EXERCISE DATA
>>>

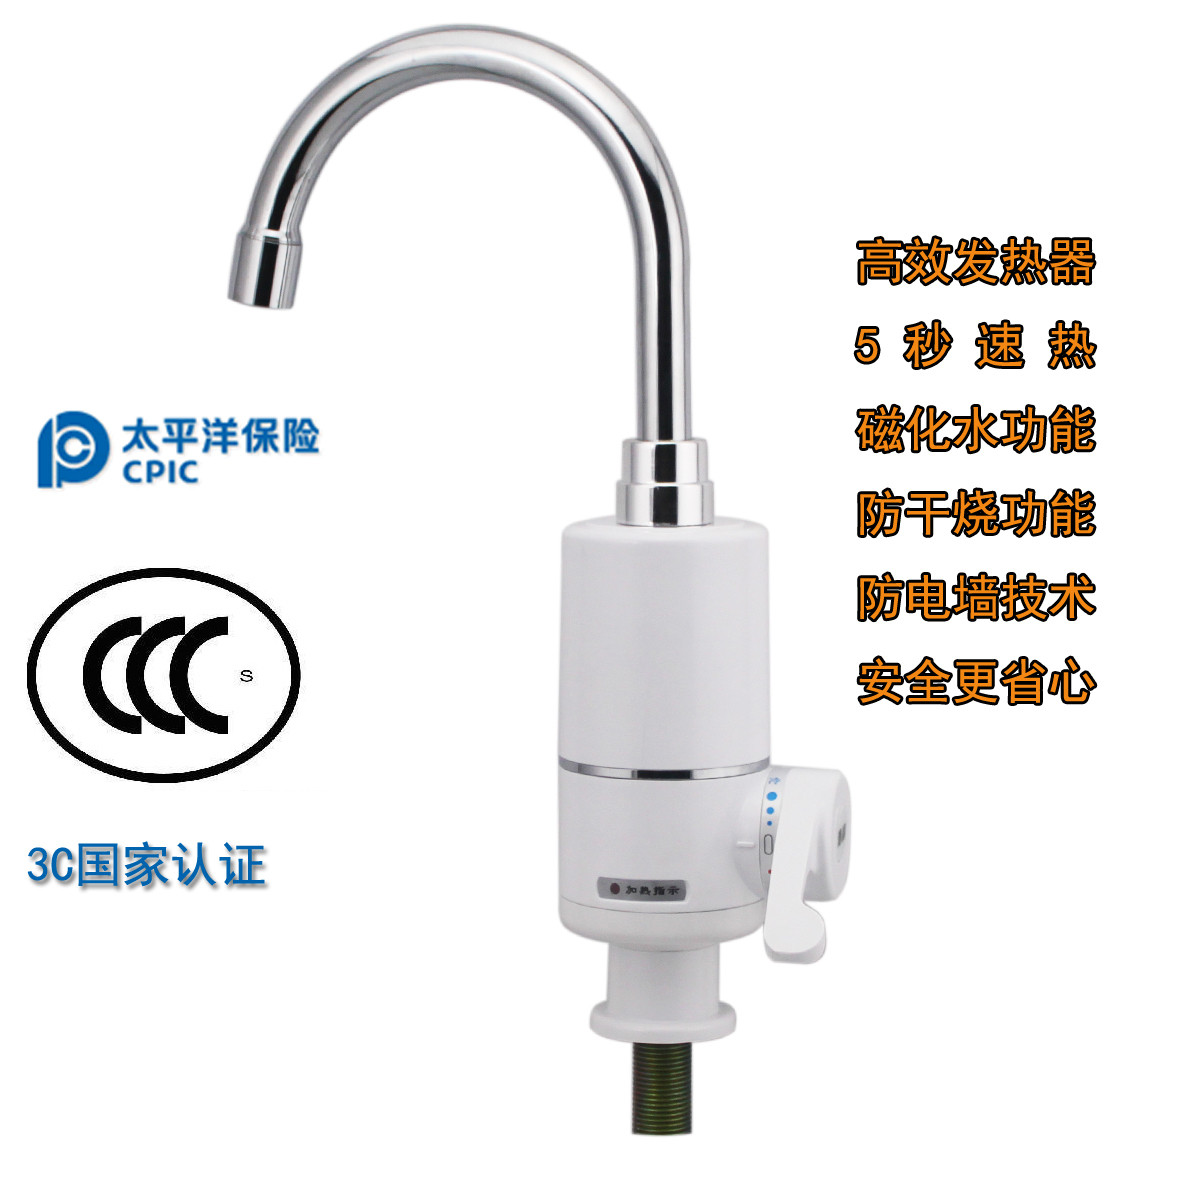 Cheap Free shipping 3000W 200V HL-302D Electric Water Heater Faucet Display Fast Heating Instant Hot Faucet Water Taps for sale
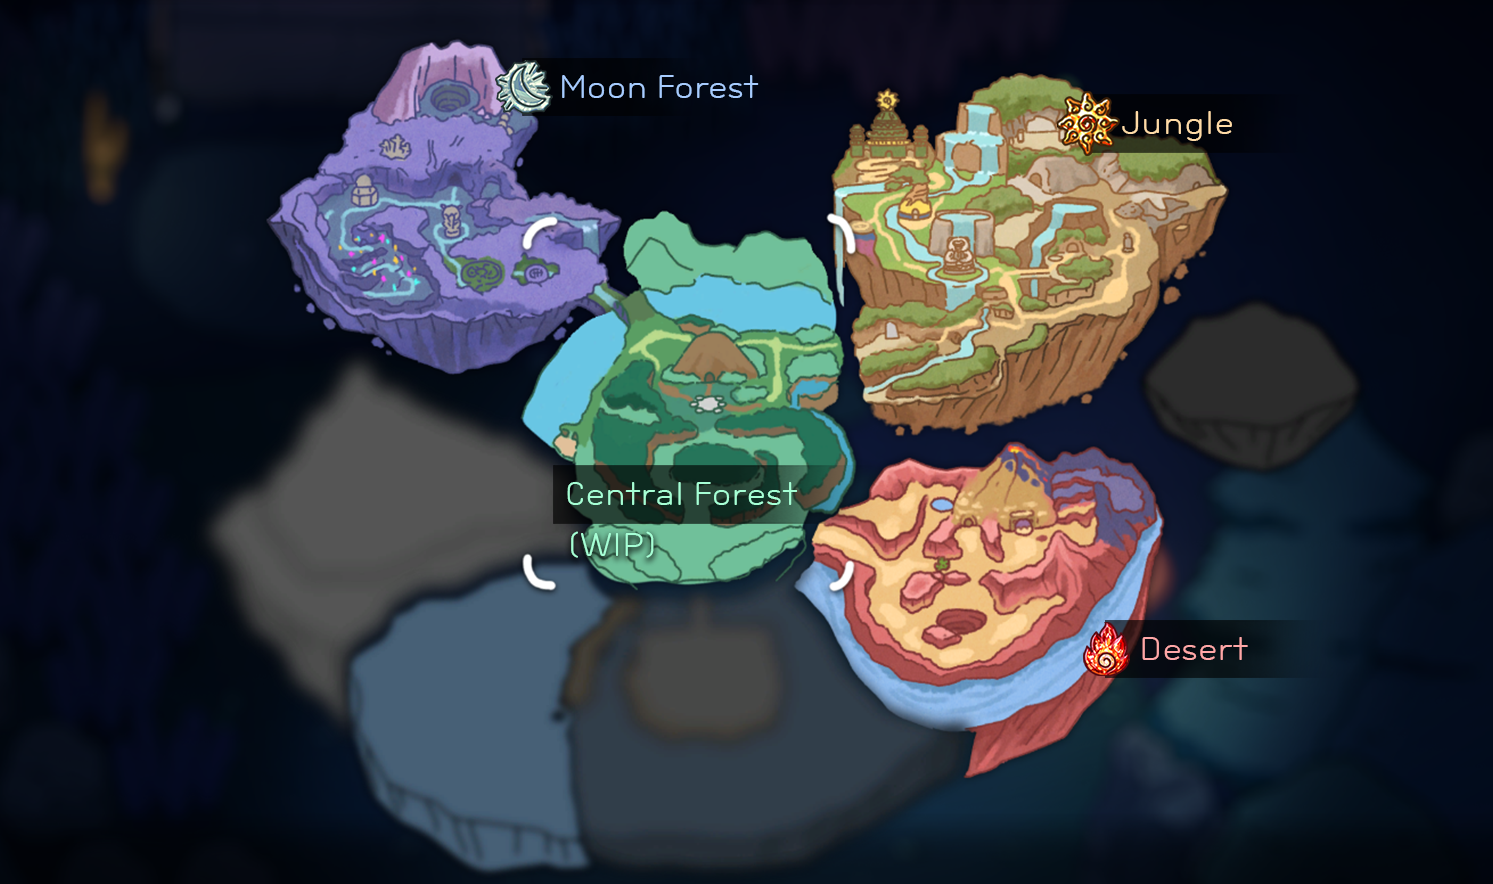 Early Access Launch! · Ogu and the Secret Forest update for 24 March 2023 ·  SteamDB
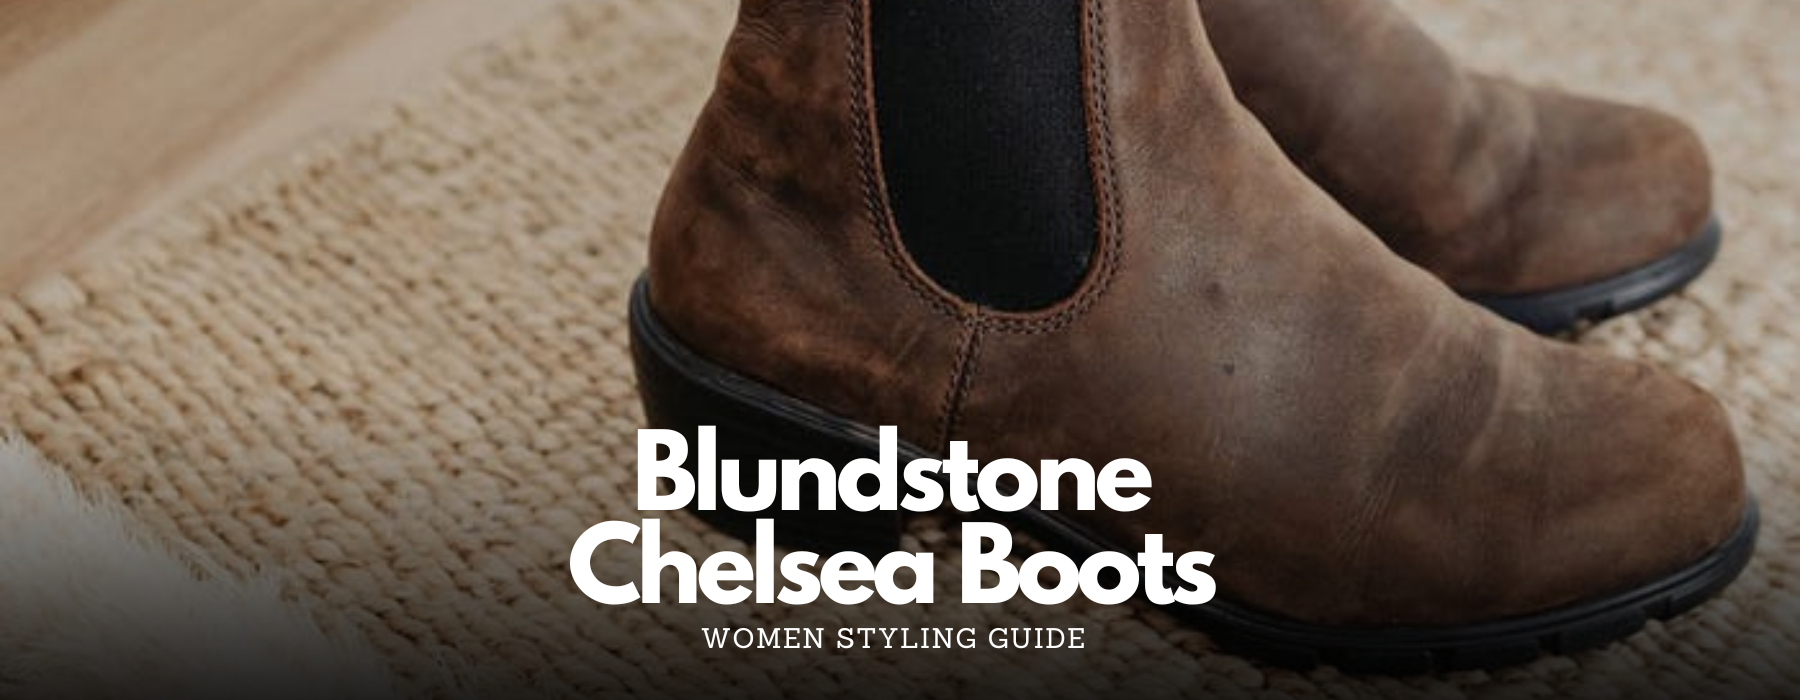 Women Styling Guide for Blundstone Chelsea Boots - Upperclass Fashions

<<<

WORK INSTRUCTION
All of the material above needs to be restated exactly, with no pictures.

OUTPUT BELOW
 Cheap Free shipping 3000W 200V HL-302D Electric Water Heater Faucet Display Fast Heating Instant Hot Faucet Water Taps for sale
 Early Access Launch! · Ogu and the Secret Forest update for 24 March 2023 ·  SteamDB
 Women Styling Guide for Blundstone Chelsea Boots - Upperclass Fashions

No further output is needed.